Radiotherapy treatment for breast cancer only reduces the risk of cancer returning for ten years, having no effect thereafter, according to research from the University of Edinburgh.
The findings come as a result of one of the longest and most up-to-date follow-ups of randomised controlled clinical trials of breast-conserving therapy. This unique research will provide important information for long-term survivors of breast cancer and doctors.
“Long-term follow-up is essential in breast cancer trials so that we can understand the full picture. These data challenge the idea that radiotherapy improves long-term survival by preventing recurrences of cancer in the same breast,” said Ian Kunkler, Honorary Professor of Clinical Oncology at the University of Edinburgh.
The study followed 585 patients aged 70 or younger who had been diagnosed with early breast cancer. Each participant was studied for 30 years. The patients were treated with breast-conserving surgery followed by systemic therapy, including chemotherapy or the drug tamoxifen. Each patient was assigned a different treatment based on whether their cancer was driven by the hormone, oestrogen. They were also randomised to receive or not to receive radiotherapy treatment after surgery.
Radiotherapy treatment had no effect after 30 years
Recurrence of cancer in the same breast was significantly reduced by more than 60% in the group who received radiotherapy treatment in the ten-year period following the procedure. However, after the first ten years, the annual risk of a cancer recurrence and overall survival was similar for both groups. After 30 years, 24% of women who underwent radiotherapy treatment were still alive compared to 27.5% of those who did not.

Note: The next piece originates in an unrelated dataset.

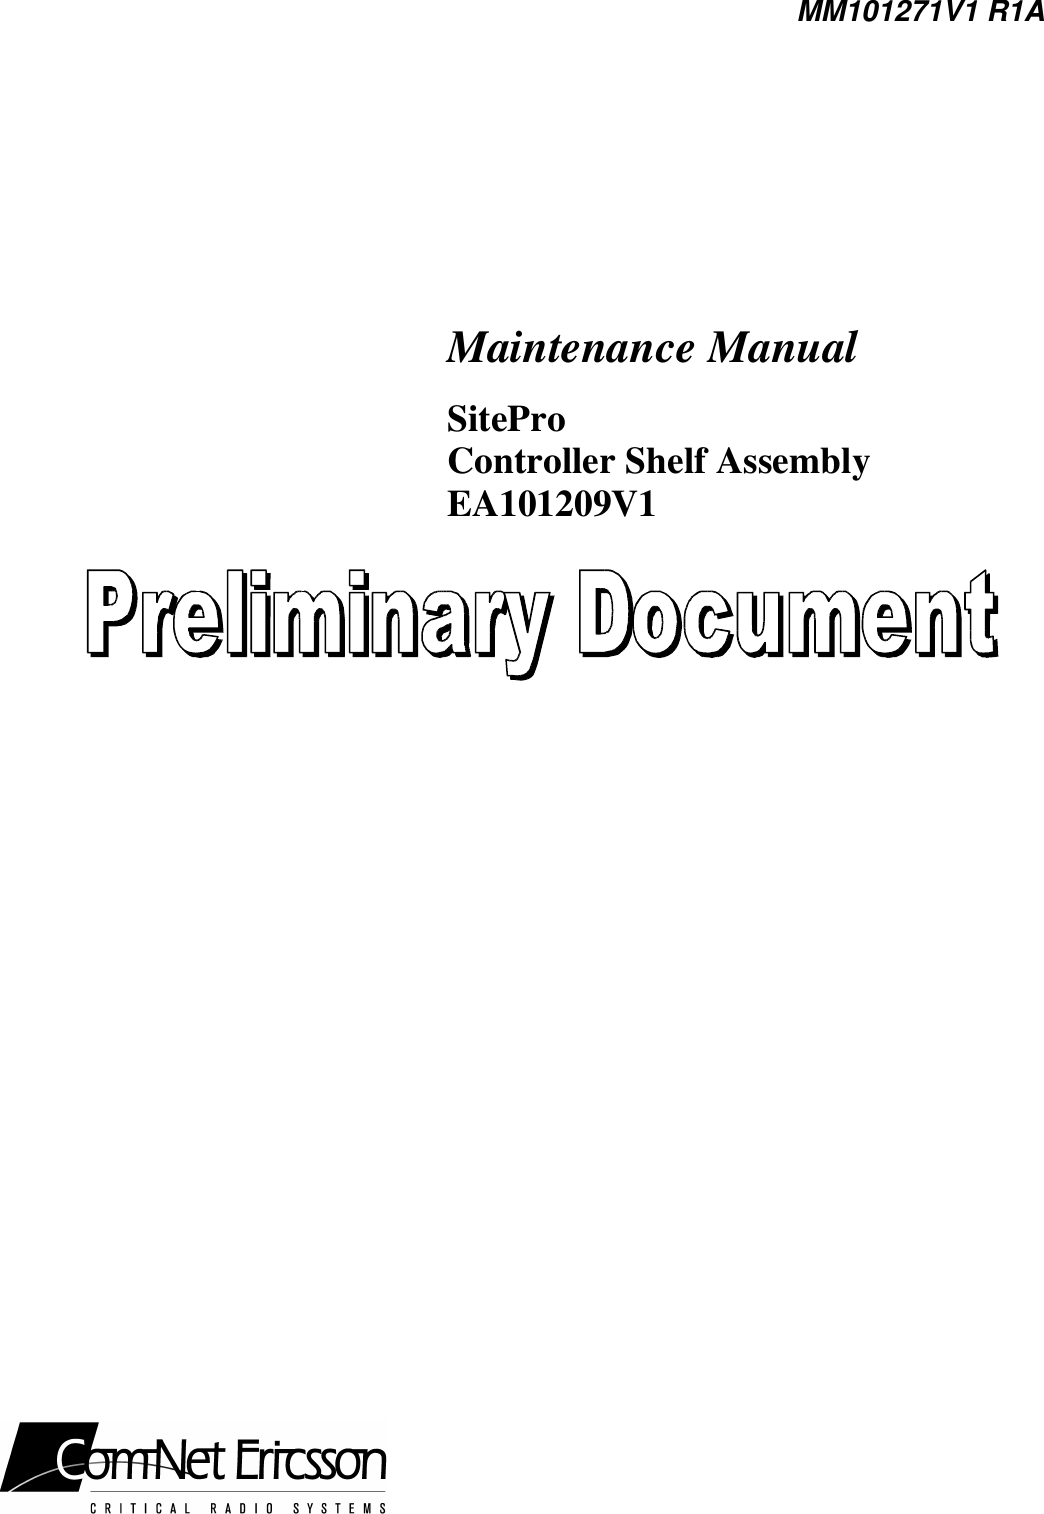 MM101271V1 R1AMaintenance ManualSiteProController Shelf AssemblyEA101209V1

“We found that there is no long-term improvement in overall survival for those women having radiotherapy. This may be because, although radiotherapy may help to prevent some breast cancer deaths, it may also cause a few more deaths, particularly a long time after the radiotherapy, from other causes such as heart and blood vessel diseases,” said Kunkler.
“The benefits of having radiotherapy in terms of fewer local recurrences are only accrued over the first ten years after radiotherapy; thereafter, the rate of local recurrence is similar whether or not patients had radiotherapy,” he added.
Researchers encourage a rethink of long-term cancer treatments
The findings of this study have drawn comparisons to other similar studies with long-term follow-up. The follow-up of randomised breast cancer trials after ten years has often been restricted by a shortage of resources. The researchers have called for increased funding to support the collection of long-term outcome data. The researchers believe their findings show that such data can challenge traditional concepts of long-term anti-cancer benefits of radiotherapy treatment.
“It’s important to note that every woman with breast cancer is different and will have different forms of the disease. Decisions about whether or not to have radiotherapy after surgery should be taken by patients and their doctors after careful discussion, taking into account the individual characteristics of their breast cancer and the likely risks of recurrence over the long term, both within and outside the breast, and of treatment-related toxicity,” said Kunkler.